_About this task_
The pictures must be left out, while the rest of the data is copied exactly.

_Dataset section_
*** Begin section ***

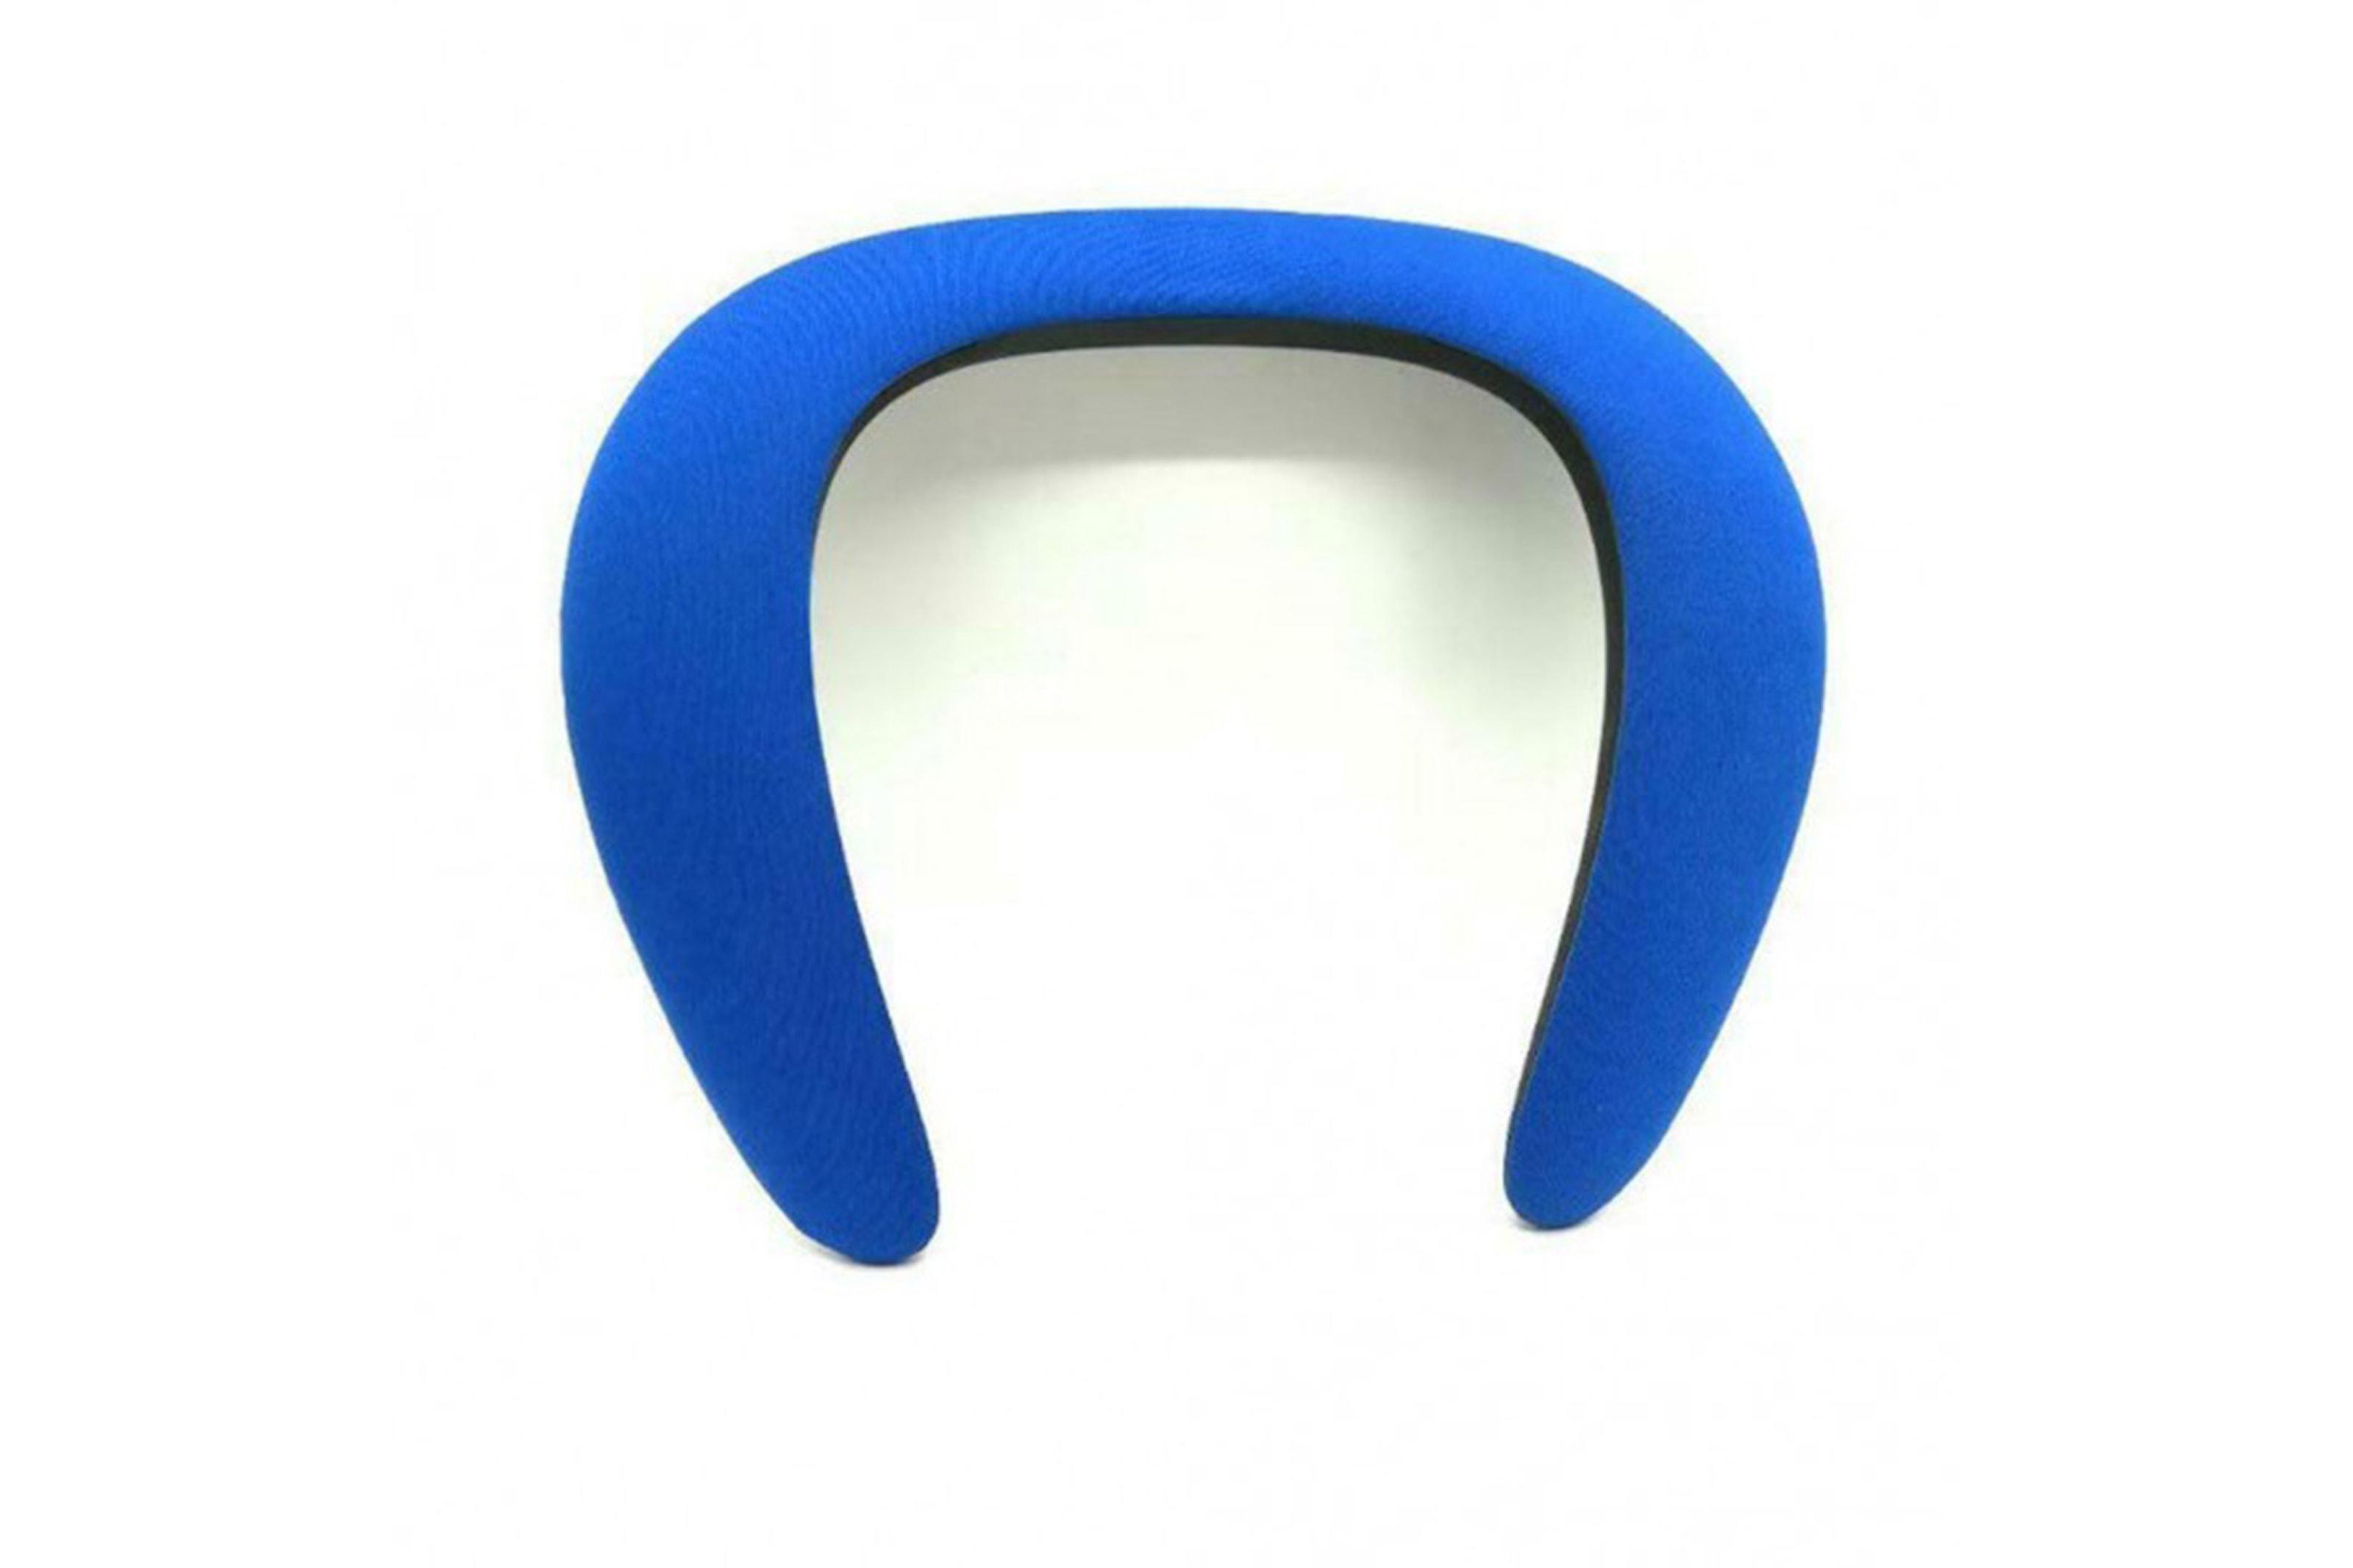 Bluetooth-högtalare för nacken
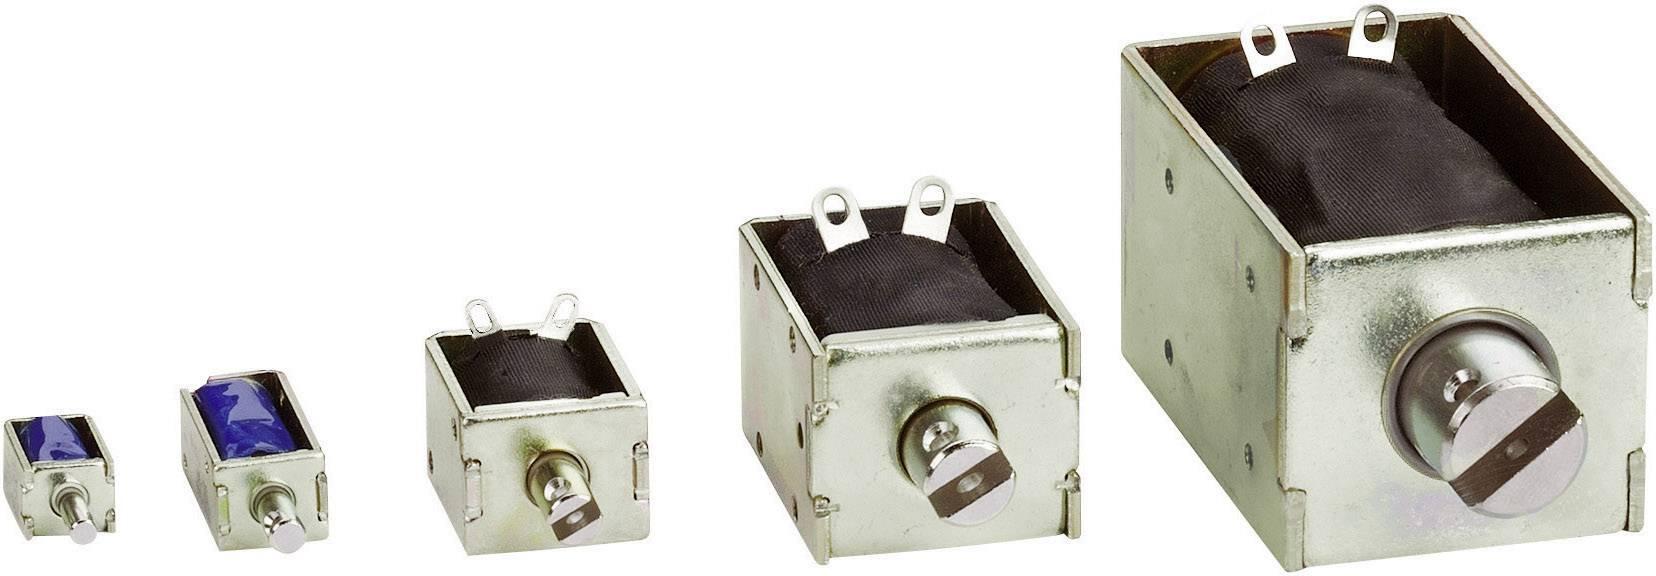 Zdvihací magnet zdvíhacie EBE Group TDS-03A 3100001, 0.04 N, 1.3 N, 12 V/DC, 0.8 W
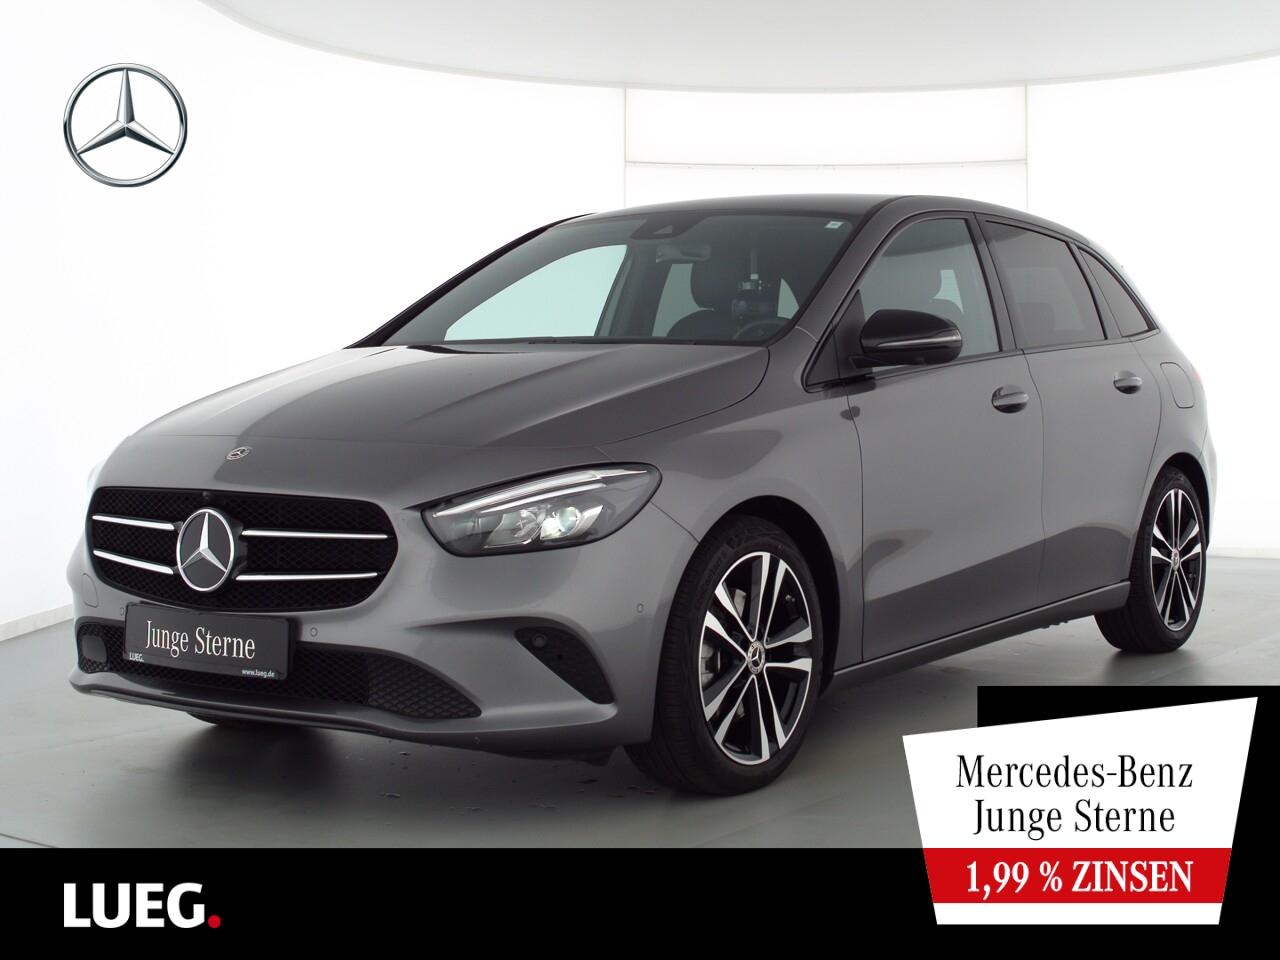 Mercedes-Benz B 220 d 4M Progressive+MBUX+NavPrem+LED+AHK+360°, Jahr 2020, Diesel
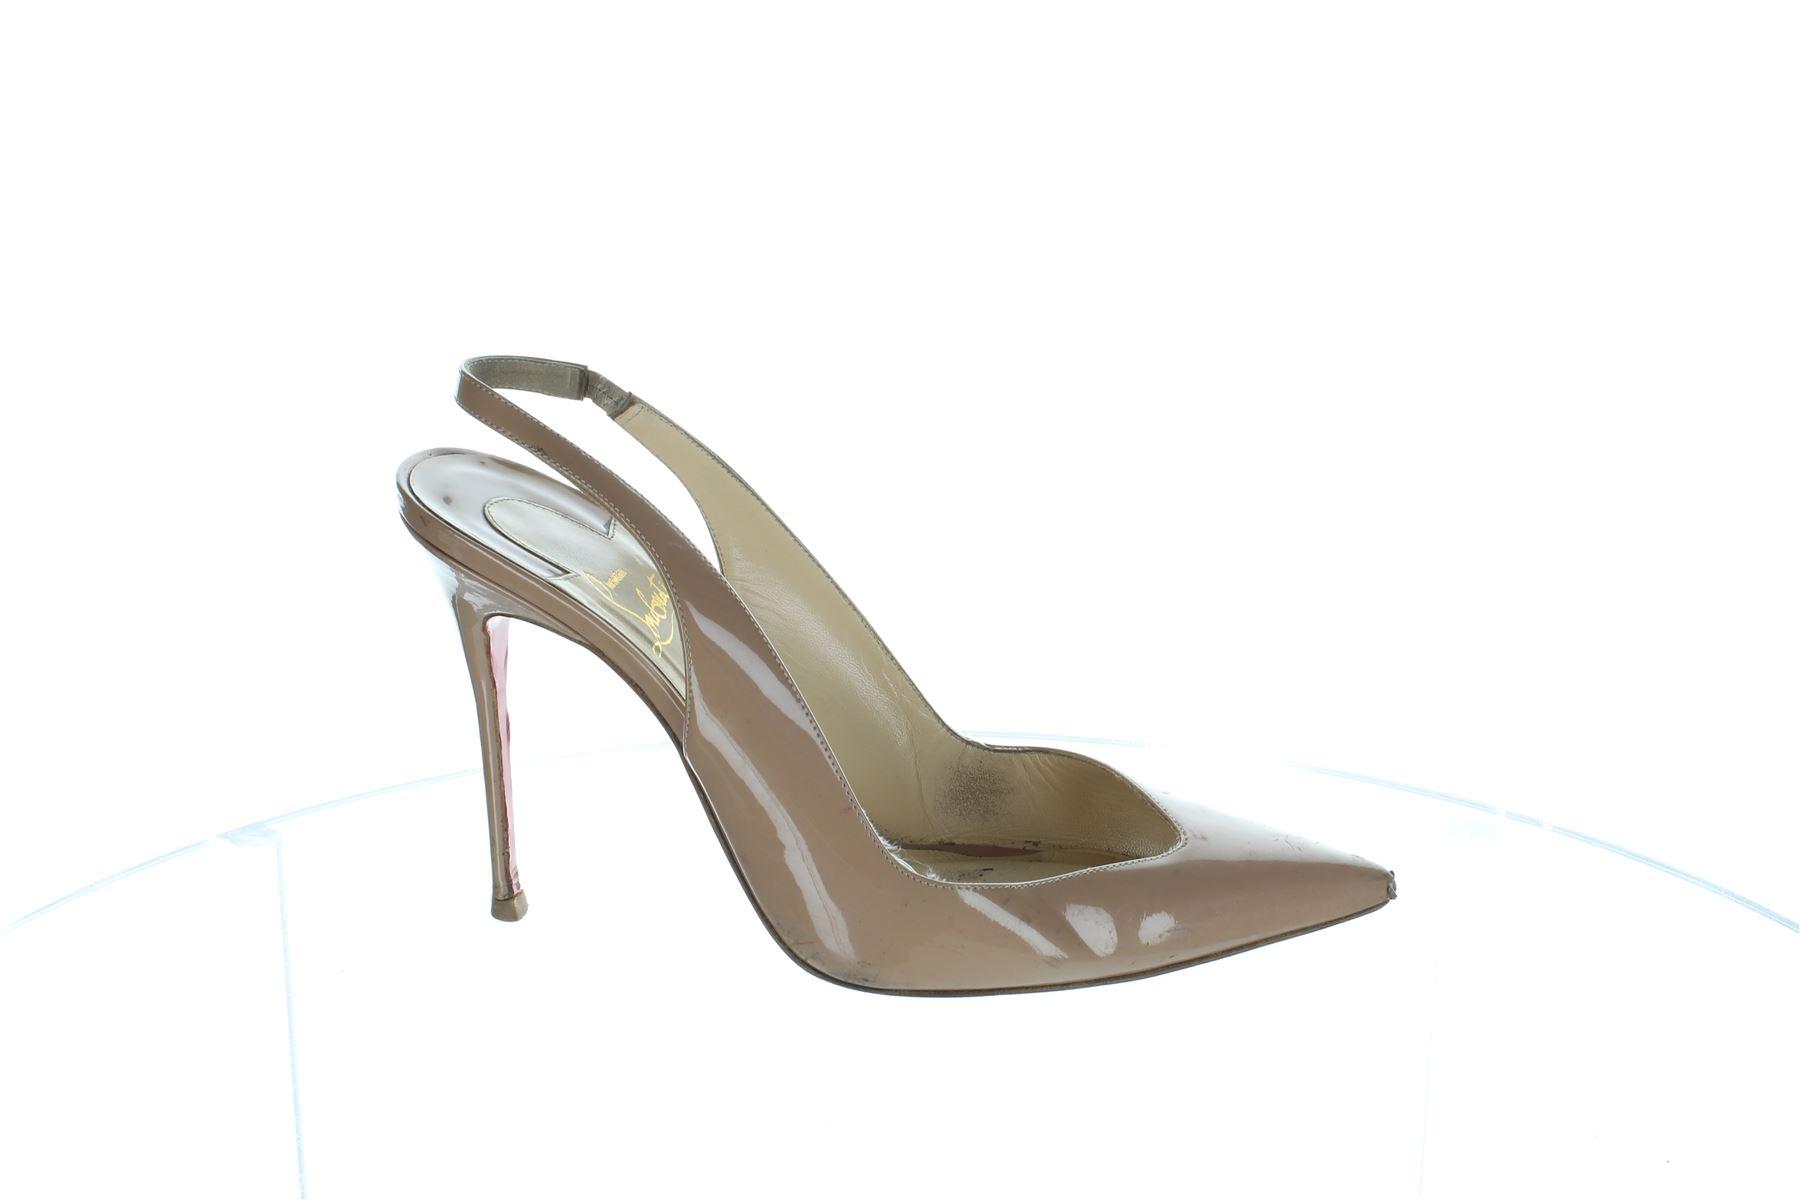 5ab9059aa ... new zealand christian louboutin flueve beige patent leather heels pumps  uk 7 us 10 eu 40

*** End section ***

_Output below_
 Bluetooth-högtalare för nacken
 Zdvihací magnet zdvíhacie EBE Group TDS-03A 3100001, 0.04 N, 1.3 N, 12 V/DC, 0.8 W
 Mercedes-Benz B 220 d 4M Progressive+MBUX+NavPrem+LED+AHK+360°, Jahr 2020, Diesel
 5ab9059aa ... new zealand christian louboutin flueve beige patent leather heels pumps  uk 7 us 10 eu 40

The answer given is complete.